EMI Pakistan serves legal notice to ‘Bajrangi Bhaijaan’



KARACHI: After taking notice of what they believe to be copyrights infringement in Adnan Sami’s rendition of Bhar Do Jholi in Bajrangi Bhaijaan, EMI Pakistan has now served a legal notice to various stakeholders involved in the song.

Two other high-profile names to have been issued the notice by the Pakistani record label include the movie’s lead actor, Salman Khan, along with its director Kabir Khan.
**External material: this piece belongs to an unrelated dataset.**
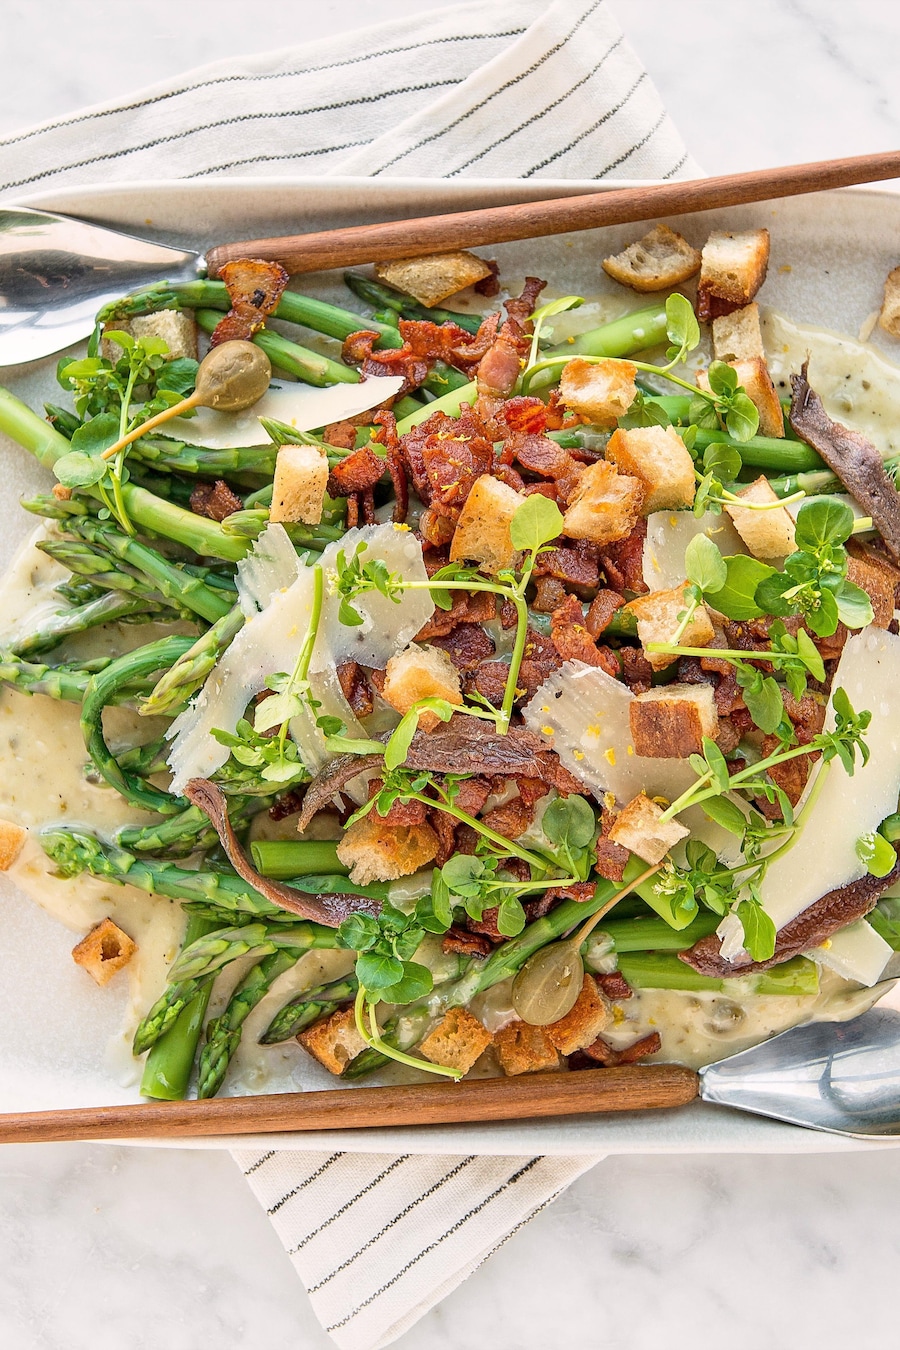 Des asperges avec tous les ingrédients du salade César dans une assiette de service.

Others addressed in the notice include T-Series India and Media Concepts Pakistan.

Although EMI Pakistan termed it as a matter of “great pride” that a Pakistani song was being liked and reproduced across the border they termed it as a responsibility to preserve their rights and commercial interests.
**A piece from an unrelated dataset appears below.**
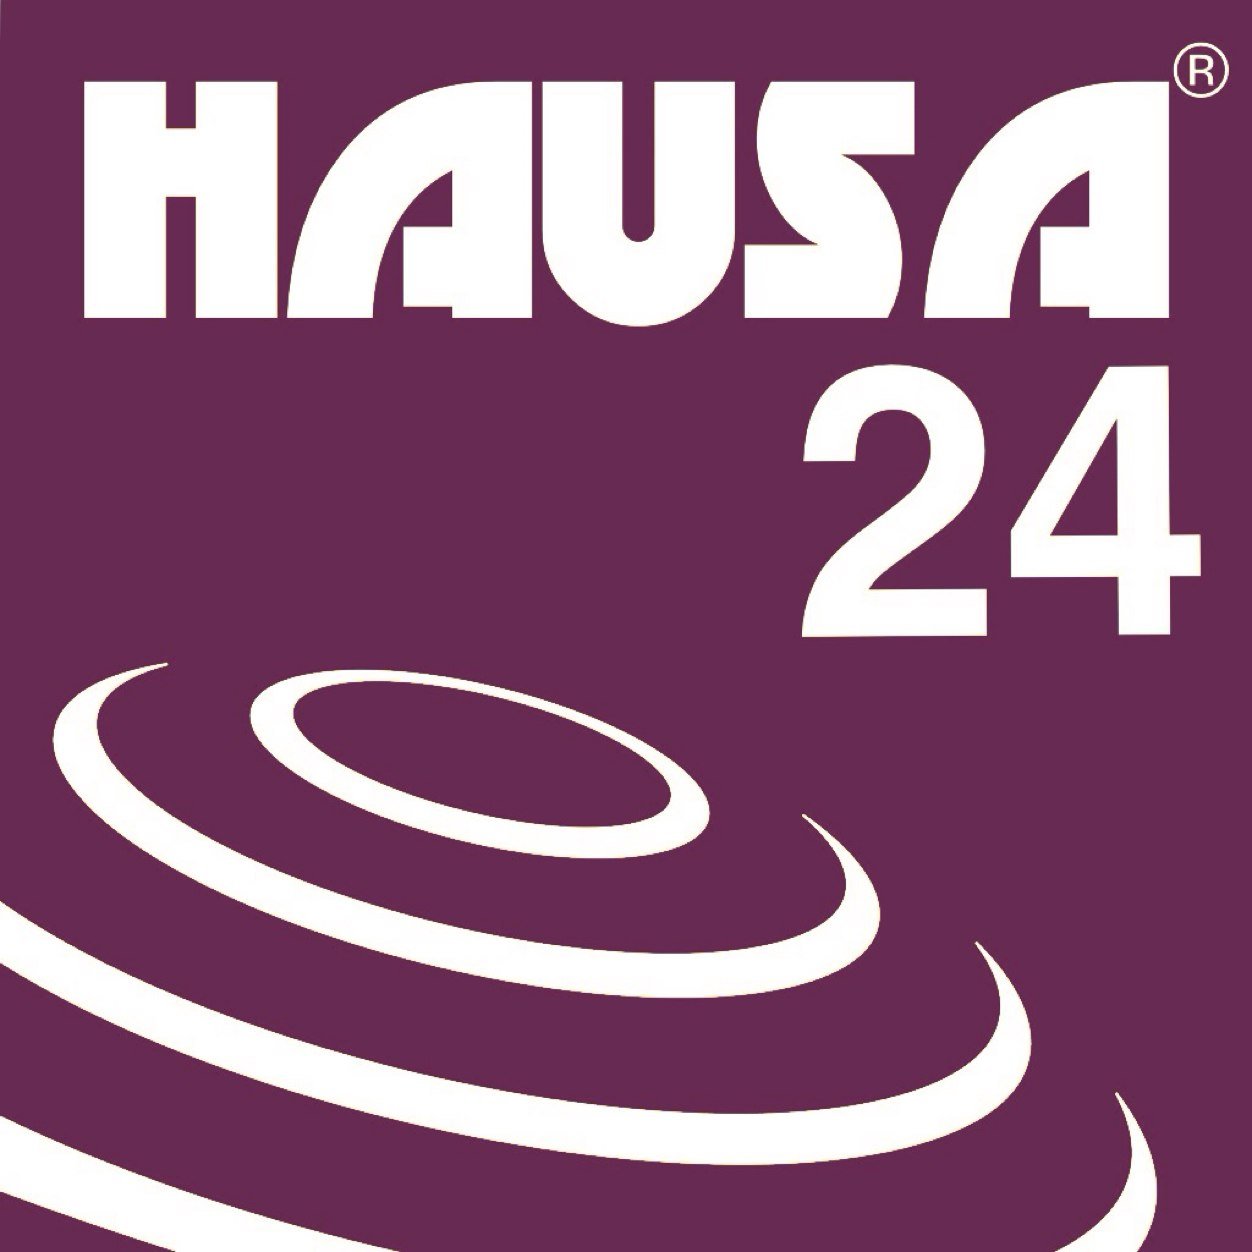 #HAUSA24 kafar yada labarai ce da take yada labaran ta cikin harshen Hausa, a kodayaushe.

“It is equally important for us to preserve our rights and uphold our commercial interests, so as to ensure that deserving artists and the owners of original copyrights get the rightful remuneration for their creation,” stated the notice.

The legal document further stated that their client, EMI Pakistan, had in their  possession the necessary documents which manifest the exclusive legal right.
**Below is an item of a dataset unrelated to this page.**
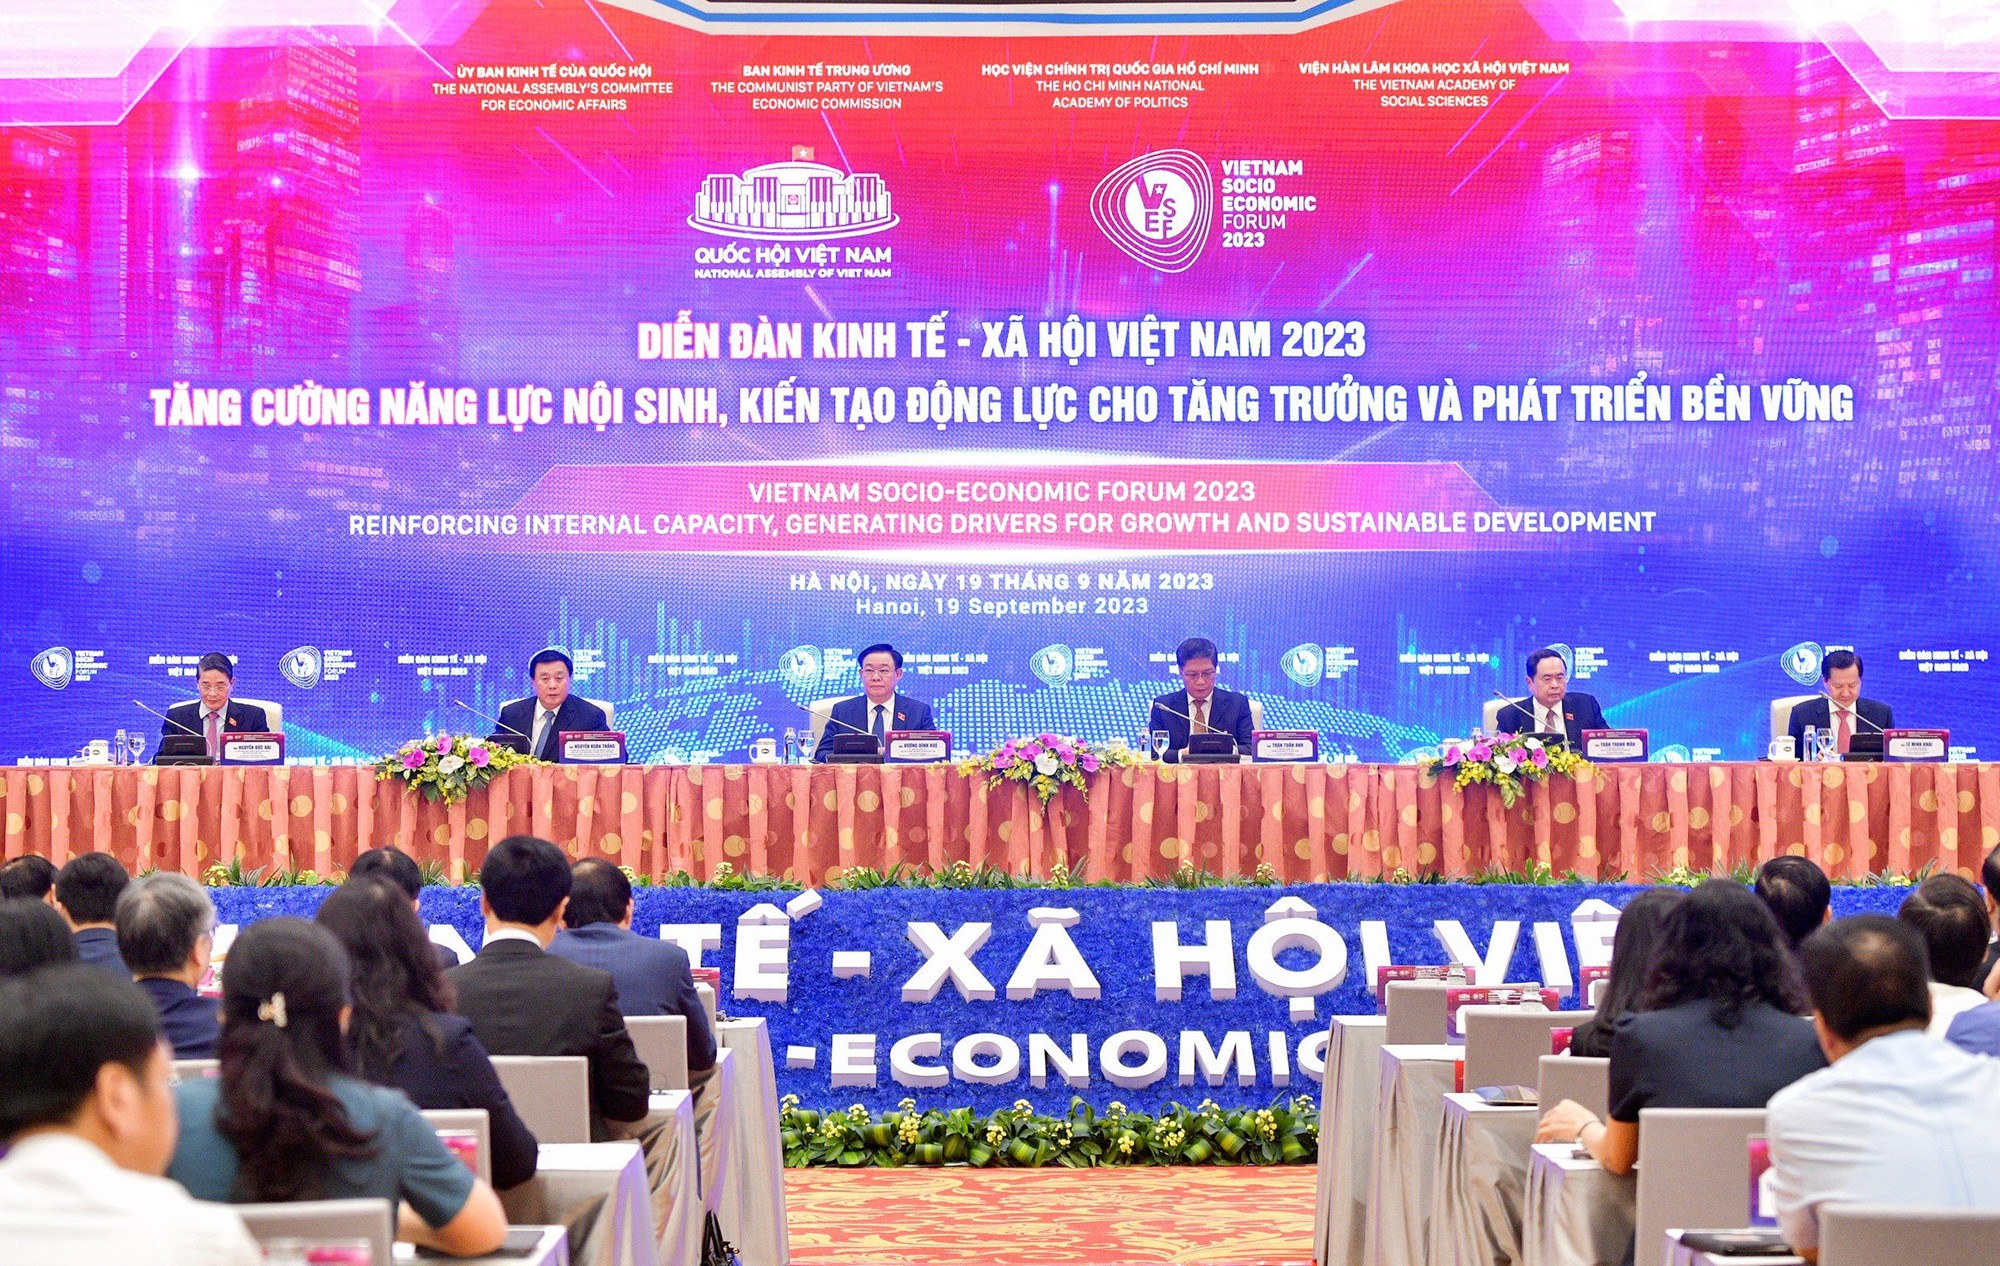 Kinh tế Việt Nam vững vàng vượt qua thách thức trước những cơn gió ngược - Ảnh 2.

In an interview earlier conducted by Bollywood Hungama, Adnan Sami Khan had defended the decision of not obtaining the rights to the qawwali considering its iconic status and that it was a very old soundtrack — even drawing parallels with another classic, Dama Dam Mast Qalandar.

When asked about the interview in question, General Manager of EMI Pakistan, Zeeshan Chaudhry shared a screenshot of his comment on the Facebook link to the Adnan Sami Khan interview in which he had criticised the actor for defending his decision of not going through the proper legal channel.

“There is a thing called copyrights and as a courtesy, all concerned stakeholders associated with this project are supposed to, ethically and morally, take permission from the copyright holder.”

He also explained that unlike Bhar Do Jholi which was first performed during the 1970’s, Dama Dam Mast Qalandar is over 200 years old thus placing it in public domain.

Interestingly a copy of the legal notice has also been sent to the Central Board of Film Censors in Pakistan. Although the release of the film in Pakistan is yet to be finalised it may prove to be a major hurdle for its local distributors.